The complexity of gene-phenotype effects in human is highlighted by variable penetrance of JAG1 mutation (e.g. G274D missense mutation) and phenotypic expression, as demonstrated by differences in the degree of glycosylation, protein trafficking and cell-surface protein expression given the same mutation (Lu et al., 2003). This heterogeneity is reminiscent of the variable effects of NOTCH1 in the pathogenesis of bicuspid aortic valve and other cardiovascular anomalies (Garg et al., 2005), and epigenetic factors such as intracardiac fluid forces may be important contributors that couple with transcription factors to affect cardiogenesis and valve development (Hove et al., 2003; Lee et al., 2006; Vermot et al., 2009).

3.2. Aortic valve dysmorphology, bicuspid aortic valve and calcification

Anomalies of the aortic valve can be classified based on size, shape, the number of valve leaflets, cuspal inequality, nature of commissures (e.g. unicomissural, acquired fusion), and location of a false raphé if present (Perloff, 2003; Ward, 2000). Unicuspid, quadricuspid and six-cuspid aortic valves occur rarely (Perloff, 2003), and associated mutations have not been reported, unlike bicuspid aortic valves resulting from impaired Notch1 signaling (Garg et al., 2005). Unicuspid and bicuspid aortic valves often prematurely develop valve calcification at least two decades earlier than their normal trileaflet counterpart (Pachulski and Chan, 1993). Although maldistribution of mechanical stress contributes to the fibrocalcific process, additional factors apart from biomechanical forces including inflammatory and profibrotic processes direct the differentiation of valve fibroblasts into myofibroblasts and osteoblasts that promote osteogenesis (Dweck et al., 2012; Rajamannan et al., 2003).

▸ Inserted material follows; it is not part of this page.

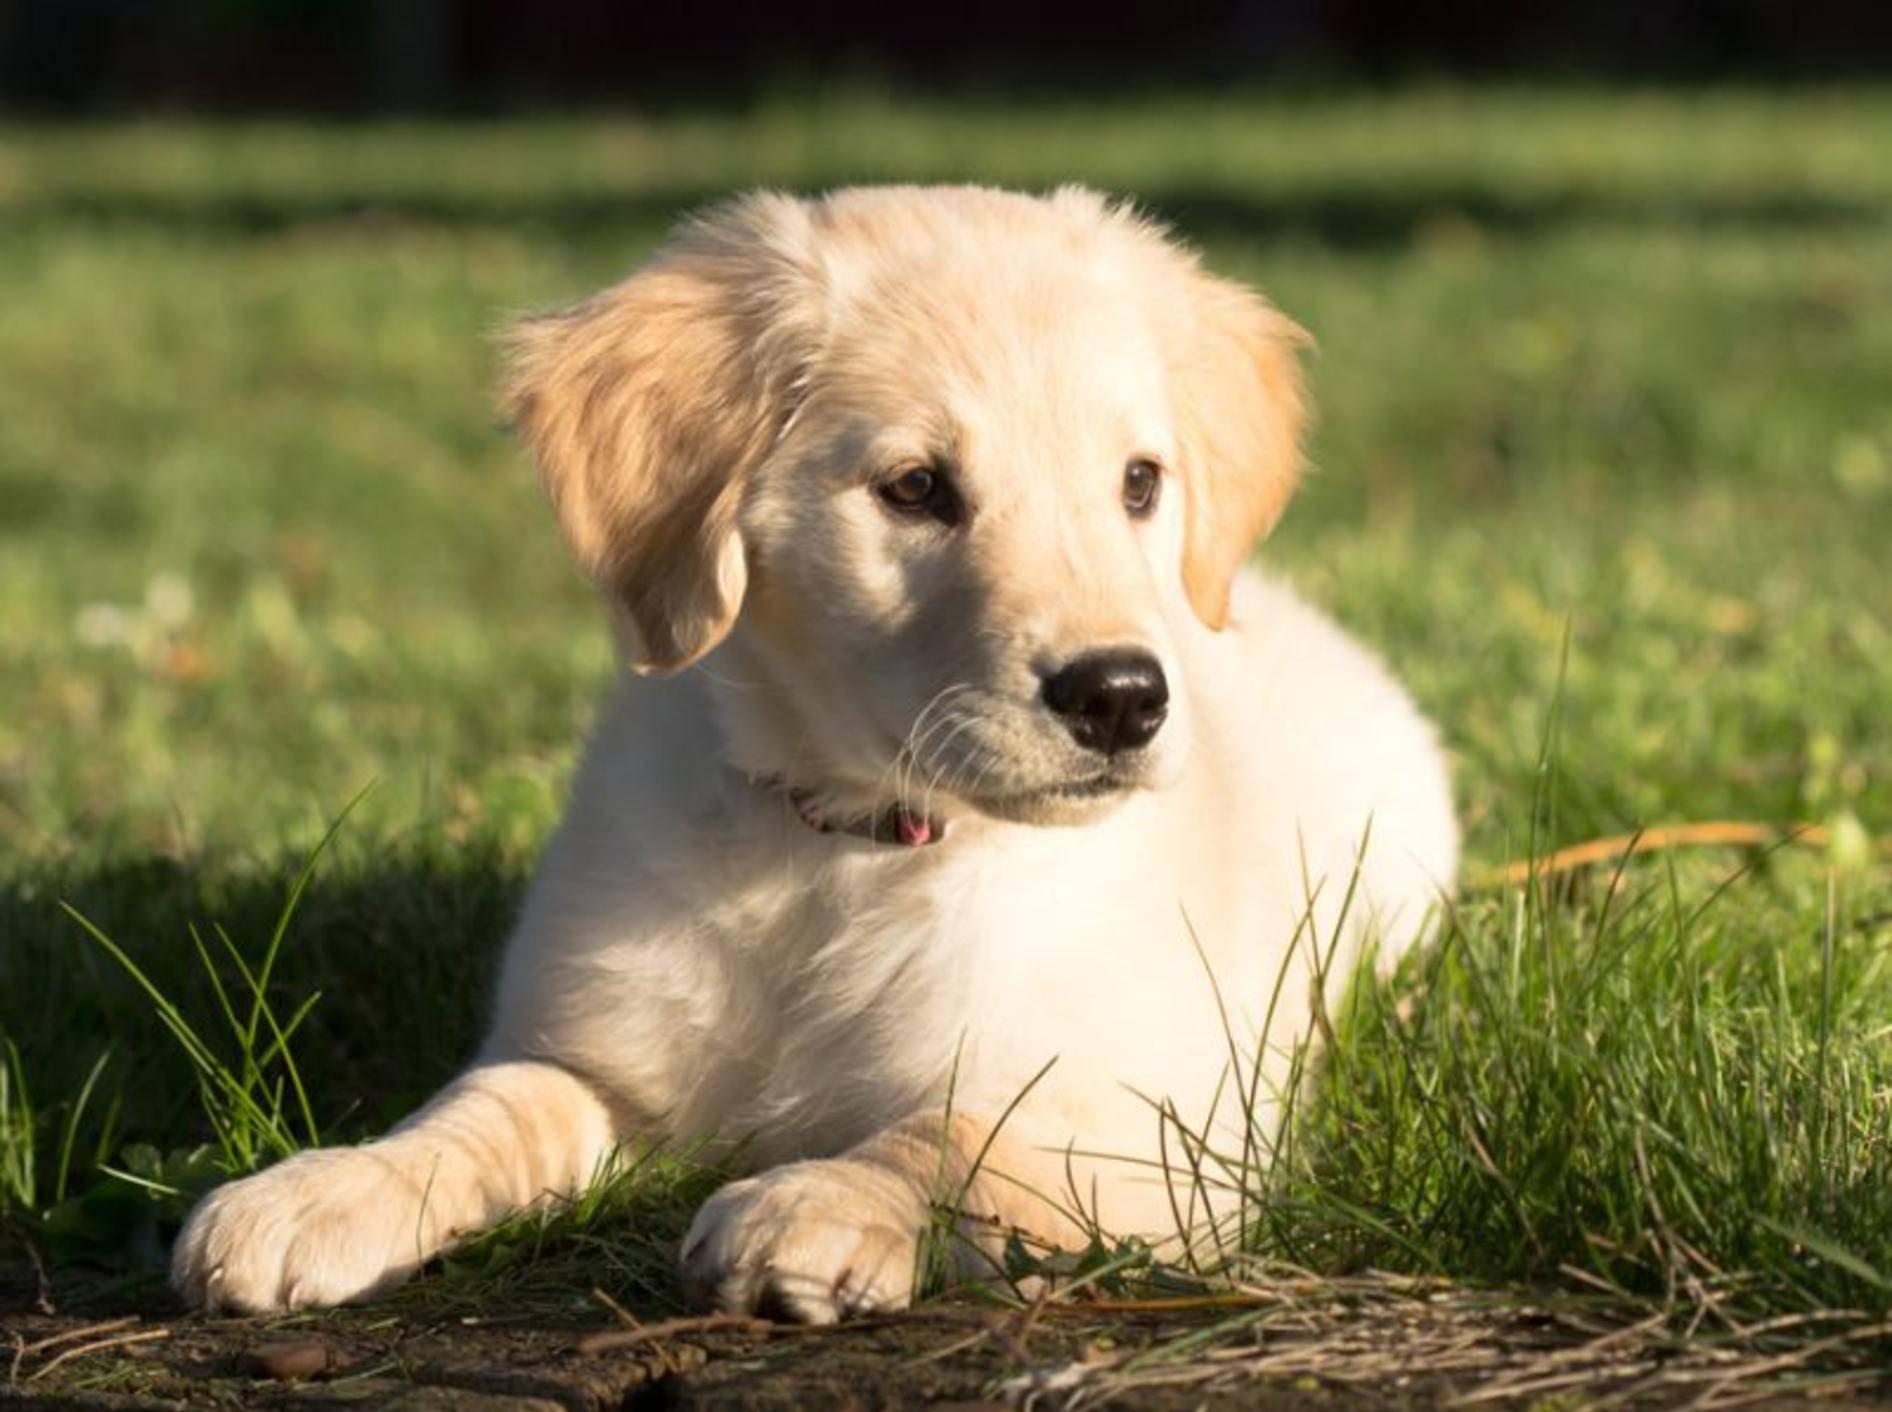 Auch dieser süße Golden Retriever Welpe wird einmal ein großer starker Hund wie seine Kollegen. – Bild: Shutterstock / Cody M Ward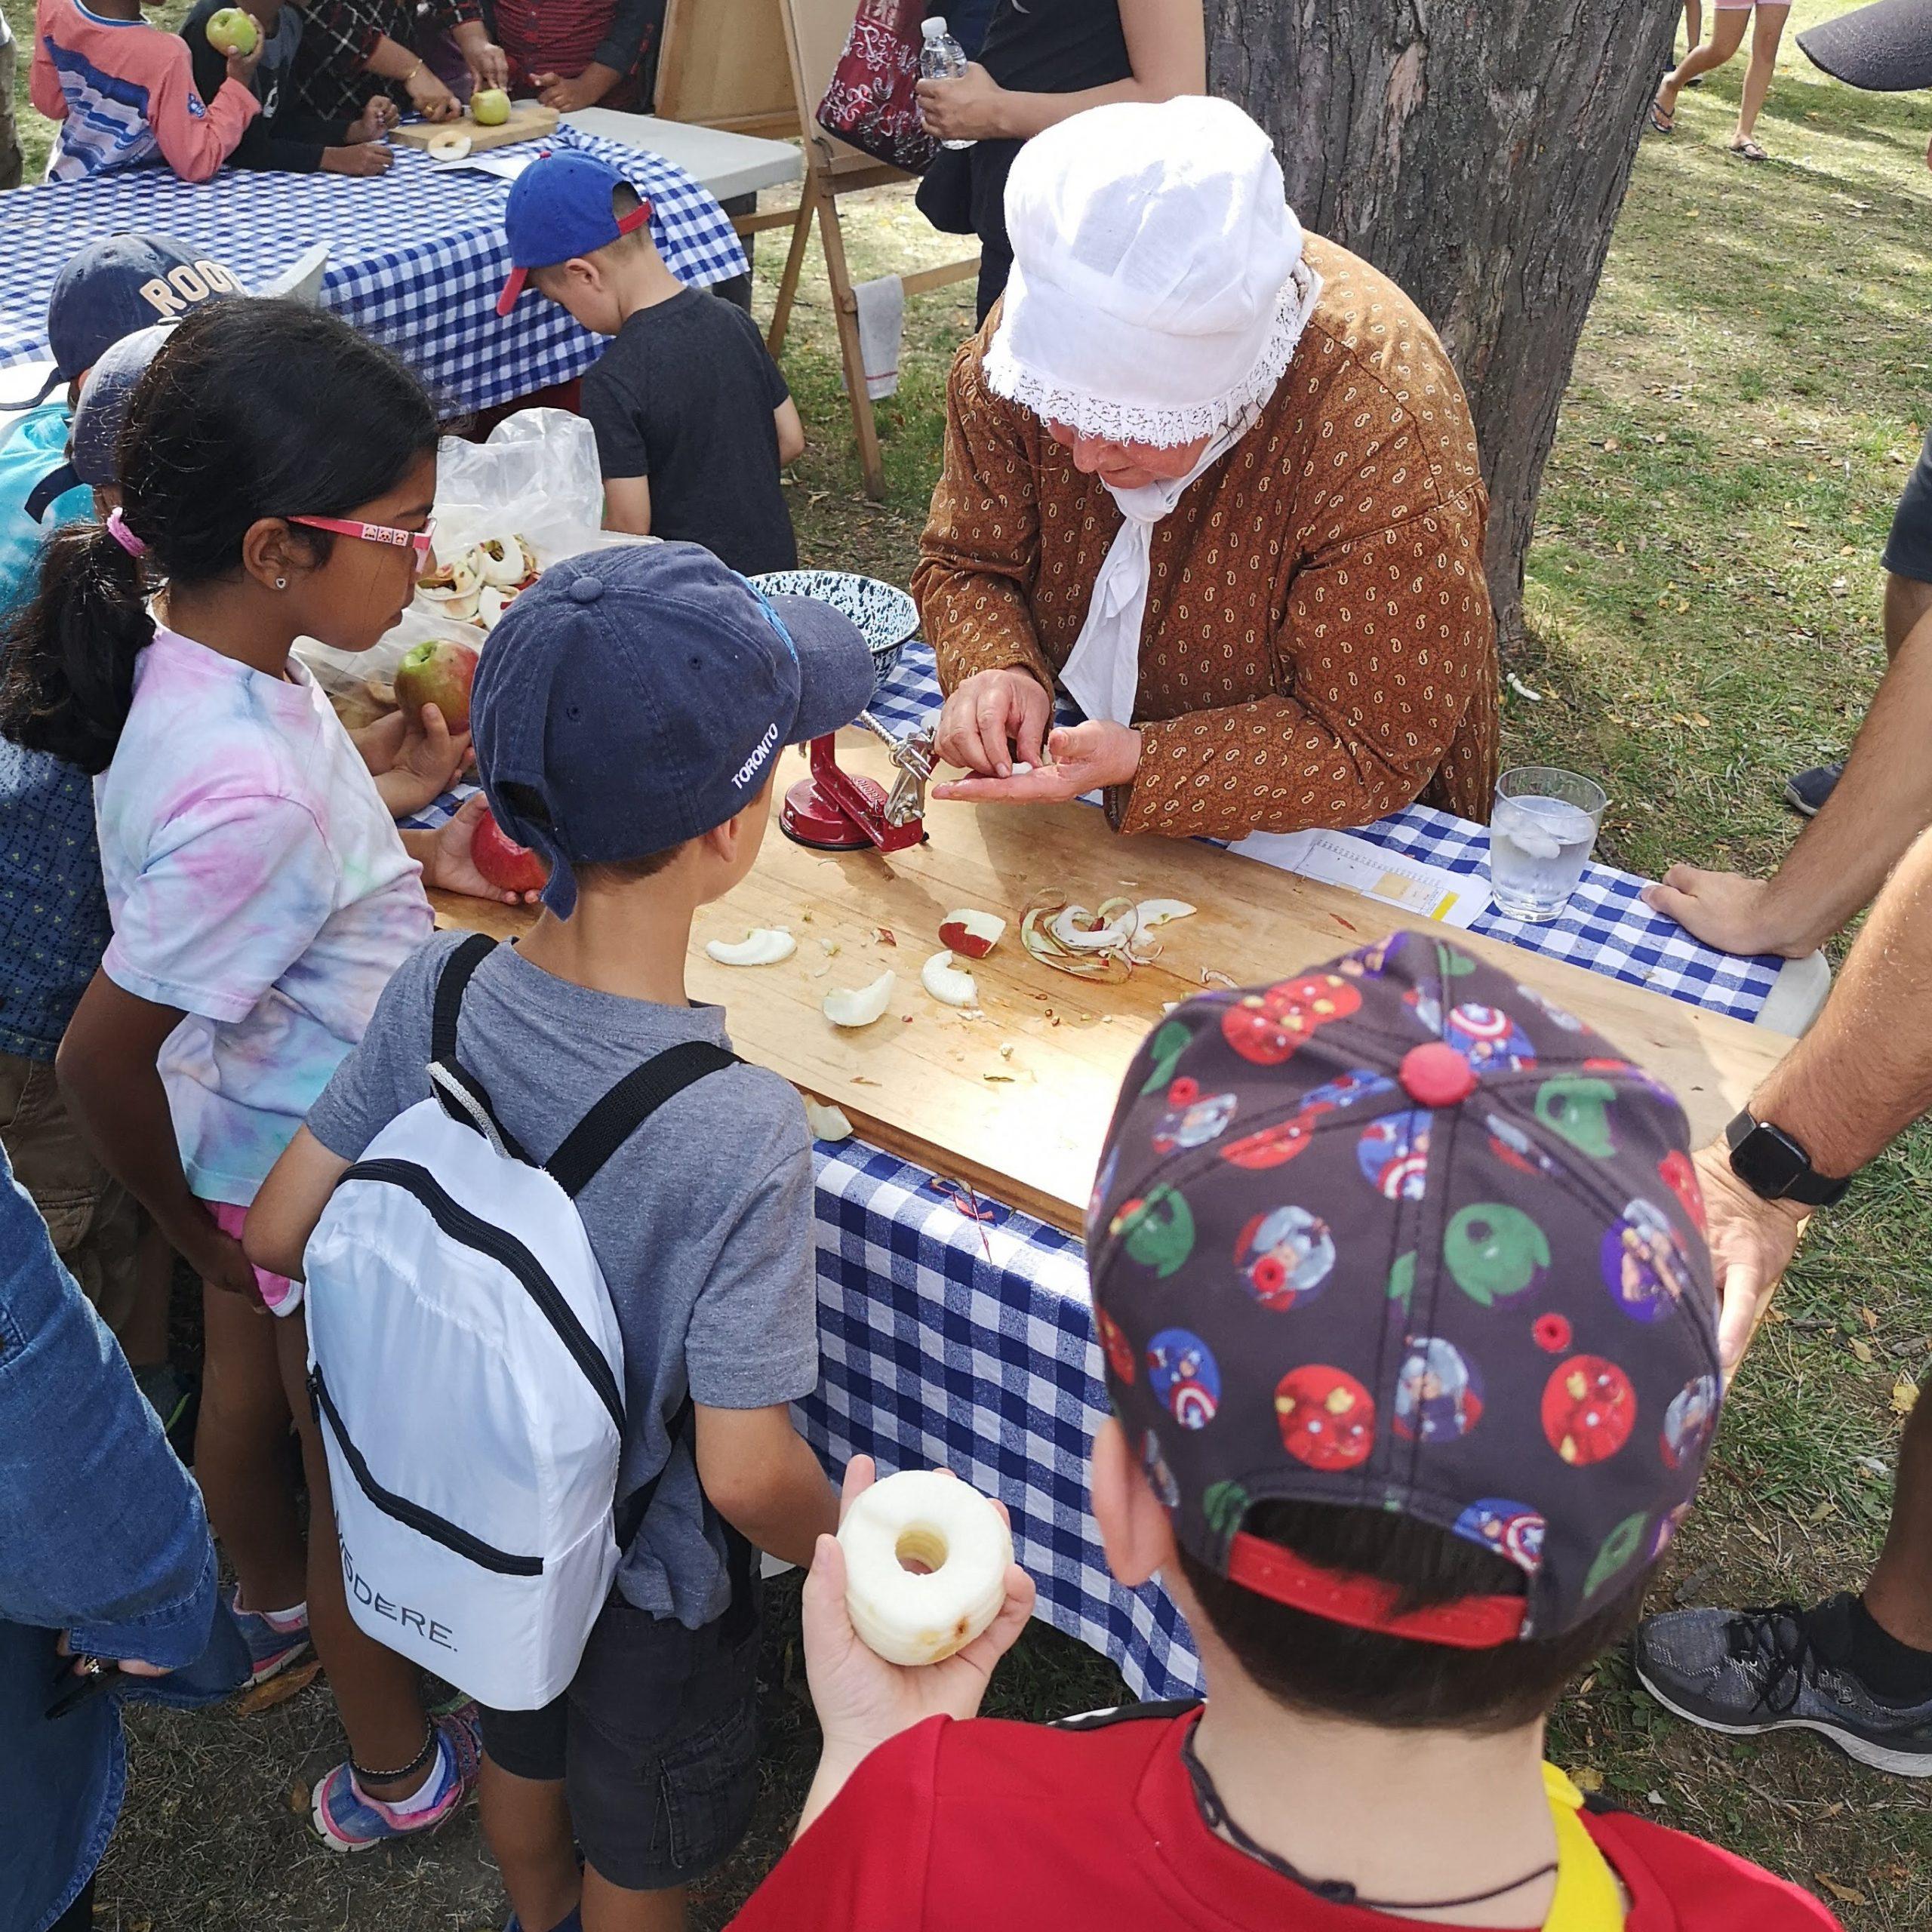 Kids and a women slicing an apple

Maldistribution of shear stress on valve cusps is thought to promote calcification of the aortic valve seen in unicuspid, bicuspid, and tricuspid aortic valve with cuspal inequality (Perloff, 2003). Bicuspid aortic valve is found in 1–2% of the general population in the United States, with a slight male predominance reported in some studies (Roberts et al., 2012; Ward, 2000). Maldistribution of diastolic force among valve cusps and sinus attachment is thought also to promote ascending aortic dilatation or aneurysm (Burks et al., 1998; Perloff, 2003; Roberts, 1970). However, it remains unclear whether these aortic manifestations are genetically determined or represent a byproduct of mechanical stress, given that aortic dilatation is indistinct among regurgitant, stenotic and functionally normal bicuspid aortic valves (Hahn et al., 1992). Emerging evidence supports increased proteolytic activity in the aortic valve and adjacent areas including the aorta that may enhance the remodeling processes (Aikawa et al., 2007b).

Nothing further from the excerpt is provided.